Трубецкой не смутился, поглядел на него очень пристально, зашагал ещё твёрже, чем за миг перед тем:

   — Это как?

Над их головами неярко тлел невысокий фонарь, слабо освещая исхоженный снег и низкую припорошённую решётку канала. Вдоль канала, то отступая, то совсем близко приступая к нему, угрюмо молчали сплошные дома, в которых строго чернели все окна. Над двумя припозднившимися прохожими, над каналом и над домами висело чугунное небо с мелкой россыпью звёзд.

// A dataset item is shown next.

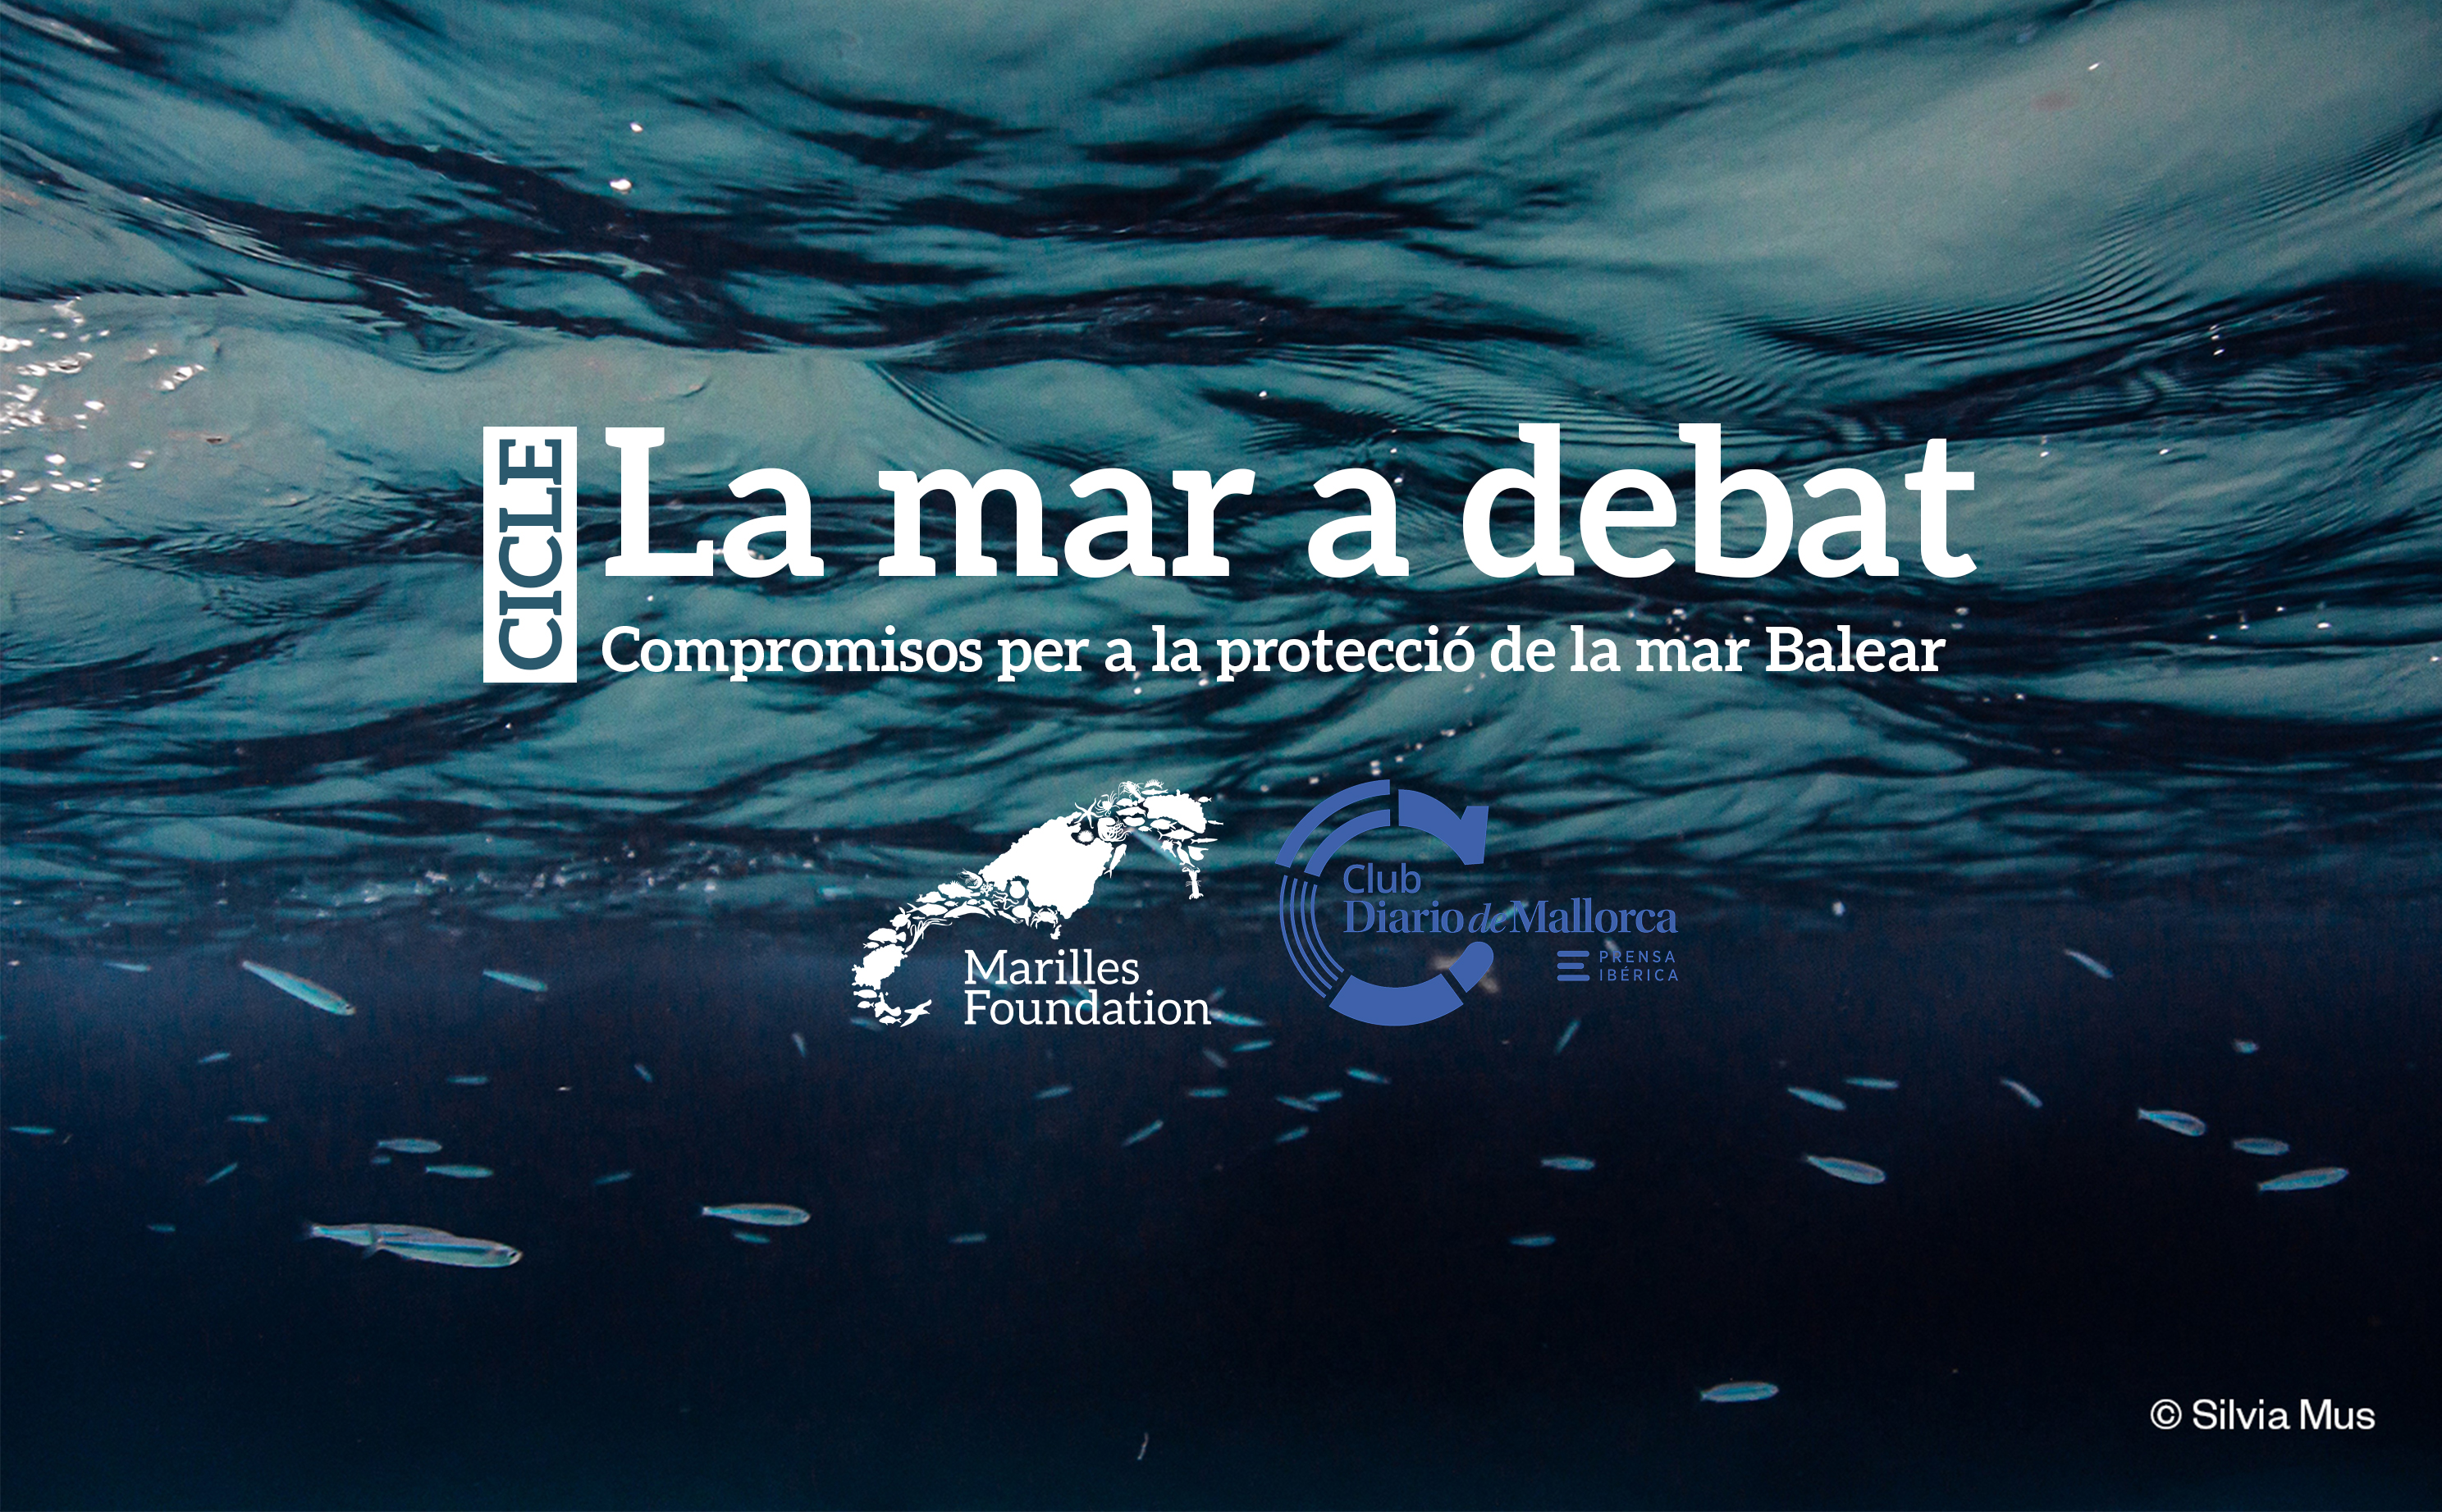 Pescadores, empresarios, políticos, clubs náuticos y ciudadanía organizada buscan soluciones para conservar el mar Balear

Пустые это всё разговоры, неприготовленные сужденья людей, желающих обнаружить именно то, чего не было, однако же Александр, поёжившись, точно от холода, подняв воротник, без вдохновенья, терпеливо и скучно стал изъяснять:

   — Мнение народов о добродетелях нашего государя нам неизвестно, оттого оставим его. Что касается до государей Европы, то мнение их нам уже слишком известно. У каждого как имелись, так и нынче имеются свои, непримиримые, враждебные всем остальным, интересы, большая война, более двадцати лет сокрушавшая города и царства Европы, пошла на пользу только Британии, её развязавшей, из жажды уничтожения Франции, как об этом не знать. Её пространства удвоились присоединением Гельголанда, Мальты, Сейшельских островов, Капской колонии, Иль де Франса, Цейлона, Тасмании, Сен-Люси, Табаго и Тринидада, а в Индии Майсура, Дели, Непала и, кажется, чего-то ещё, всего не упомнил, прости, а не надо бы забывать, мыслящему человеку нет худшей слабости, чем слабость памяти. Однако ж и этого, представь, было Британии мало. Беда этой конституционной империи в том, что все эти земли служат ей рынком плохим. Сейшельские острова и Тасмания едва ли и вовсе являются рынком. Ей было необходимо проникнуть со своими товарами, прочными и недорогими в цене, в обширные владения Испании и Португалии, и вот тебе пример либерализма, когда речь заходит об государственных выгодах, к каковым интересы внешней торговли относятся в первую очередь: Британия поддержала в испанских и португальских колониях освободительное движение. Больше того, лет десять назад торговля чёрными в пределах её владений запрещена, вовсе, разумеется, не из гуманных соображений, не надейся на это, а ради того, чтобы ослабить своих конкурентов, которые, не имея достаточно произведений ремёсел, какими располагает она, обогащаются главнейшим образом тем, что торгуют рабами, и нынче Британия требует запретить торговлю неграми во всех прочих странах. Так вот, если рассуждать об интересах торговли, кто оказался в Европе важнейшим, самым опасным противником для Британии? Франция и Россия, это очевидно как день, первая своей восточной торговлей и флотом, вторая, к несчастью, одним безумным стремлением в Константинополь, что непременно вытеснит британских торговцев с Востока, впрочем, как и французских. И ты полагаешь, что Британия предала свои судьбы на волю нашего государя?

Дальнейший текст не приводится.